A November 20 warning letter said that violations cited in an FDA-483 included the following:
? Failure to conduct continuing review of research at least annually.
? Failure to ensure that the IRB reviews proposed research at a convened meeting at which a majority of the members are present.
? Failure to prepare and maintain adequate documentation of IRB activities, including minutes of IRB meetings.
? Failure to have adequate written procedures governing IRB functions and operations.
According to the letter, Centra’s responses were inadequate in that they didn’t give specific action plans for correcting the violations and preventing their recurrence and didn’t document any changes made. The IRB was given 15 days to provide written documentation of actions that have been taken or will be taken to correct the noted violations and prevent recurrence of similar violations.
Medtronic Cardiac Rhythm Unit Gets Warning Letter
An FDA inspection last June at Medtronic’s Cardiac Rhythm Disease Management business unit in Mounds View, MN, found quality system violations in the firm’s manufacturing of implantable pacemakers and pacemaker leads. The agency recently posted a November 9 warning letter from its Minneapolis district office that says the violations included the following:
? Failure to establish and maintain adequate corrective and preventive action procedures to ensure consistent handling of investigations of the cause of nonconformities relating to product, processes, and the quality system, and identification of actions needed to correct and prevent recurrence of nonconforming product or other quality problems.
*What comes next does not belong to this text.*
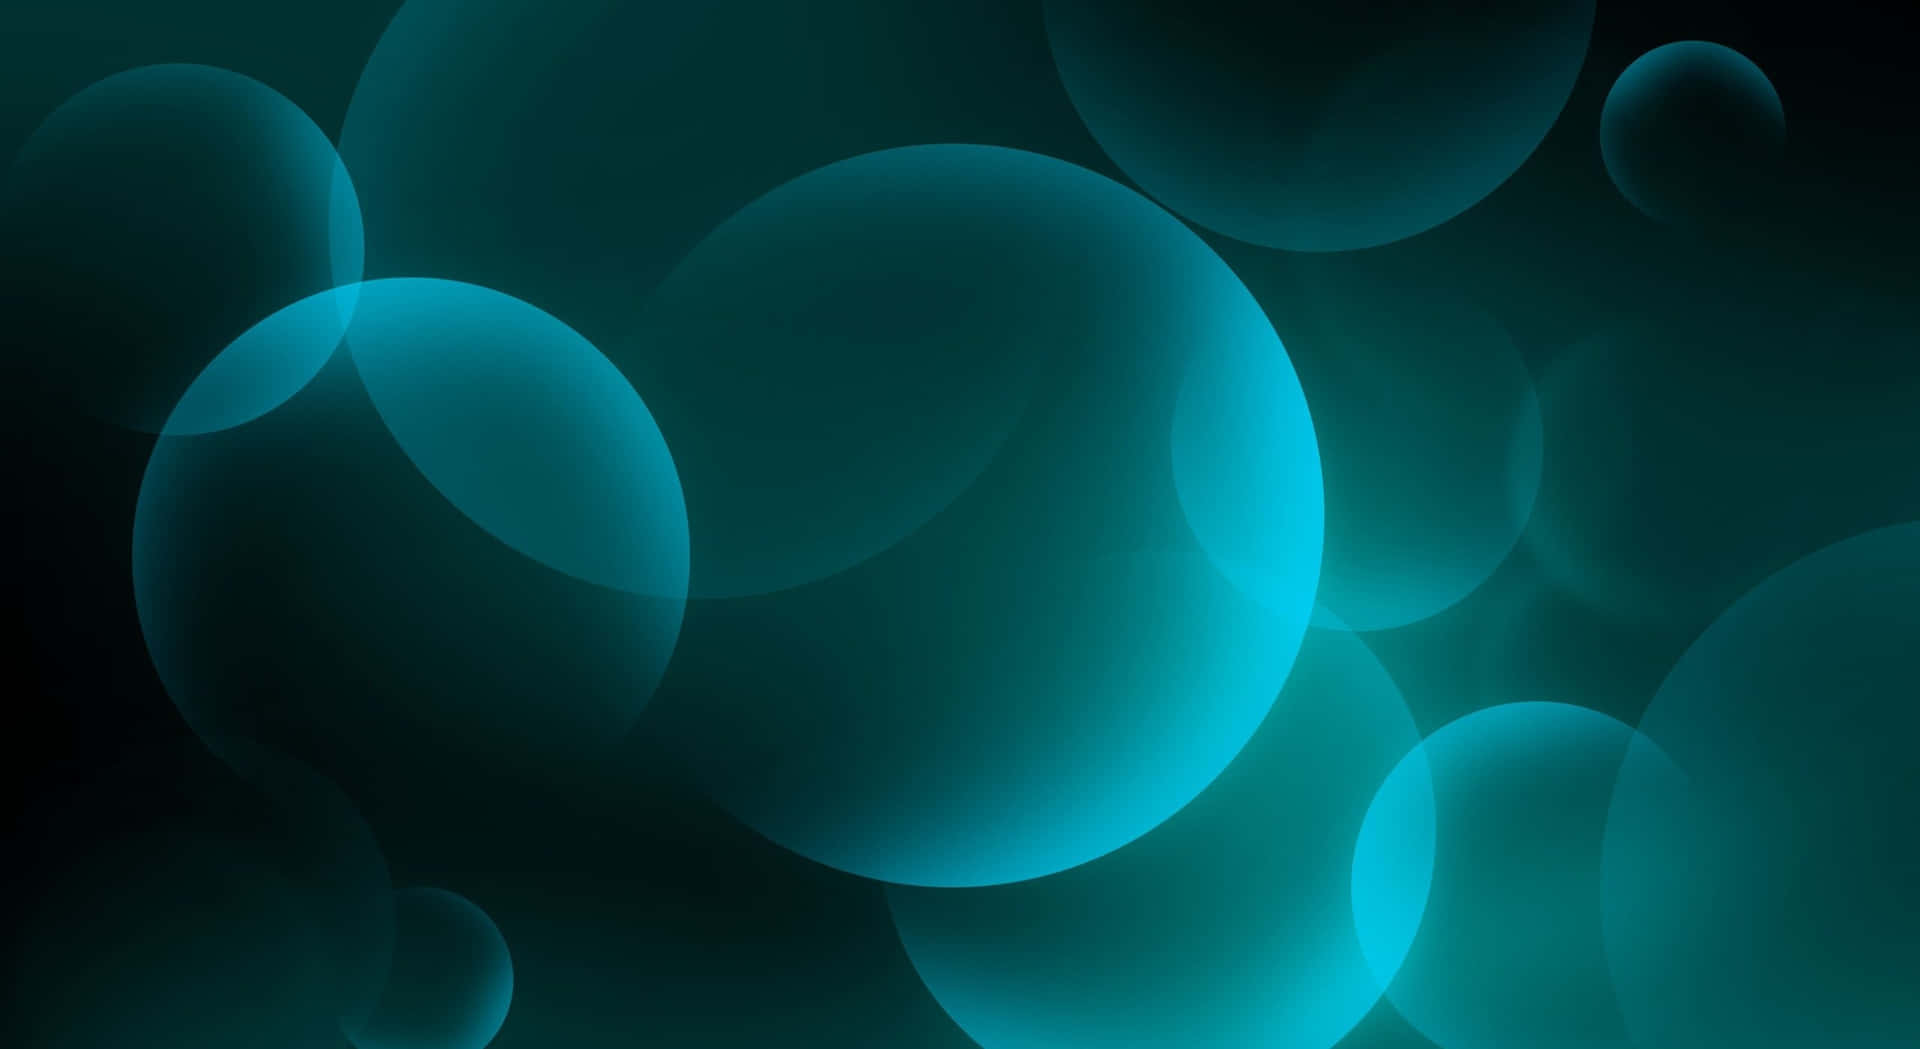 Abstract turquoise background evokes creativity and positivity

? Failure to follow procedures for validating or verifying design changes before their implementation.
? Failure to implement procedures addressing documentation of corrective and preventive action activities.
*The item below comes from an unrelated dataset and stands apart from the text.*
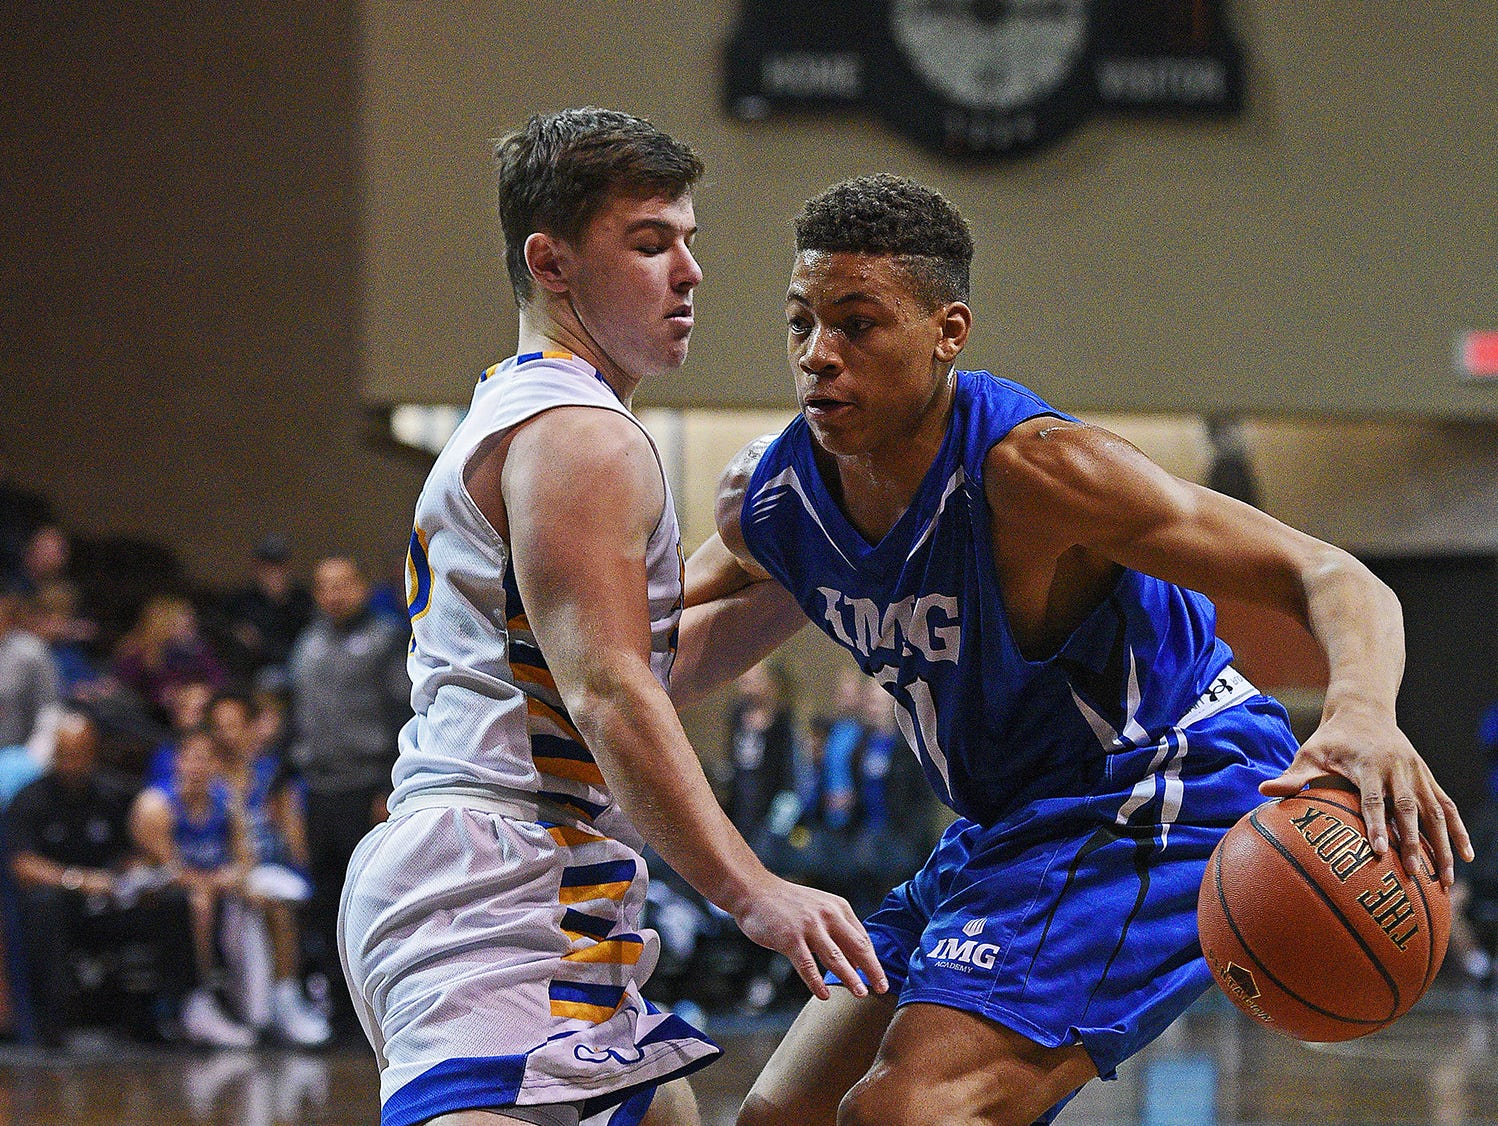 IMG Academy's Keyontae Johnson (11) tries to get past O'Gorman's Riley Katen (10) during the Gary Munsen Tournament Championship game Friday, Dec. 30, 2016, at the Sanford Pentagon in Sioux Falls.

? Failure to establish and maintain adequate design validation procedures to include risk analysis.
? Failure to implement procedures for document control.
? Failure to establish and maintain adequate procedures for purchasing controls ensuring the type and extent of control to be exercised over the product.
The district office told Medtronic to take prompt action to correct violations addressed in the letter. It noted that company responses had promised corrective action but that several of the actions have not been completed. It said that the promised corrective actions appear to be adequate but a follow-up inspection will be needed to ensure that corrections are implemented and effective.
The letter also said that the inspection found deficiencies in MDRs, including failure to submit five reports within mandated time frames. Again, it said, the promised corrective actions appear to adequately address the deficiencies and will be evaluated during a follow-up inspection.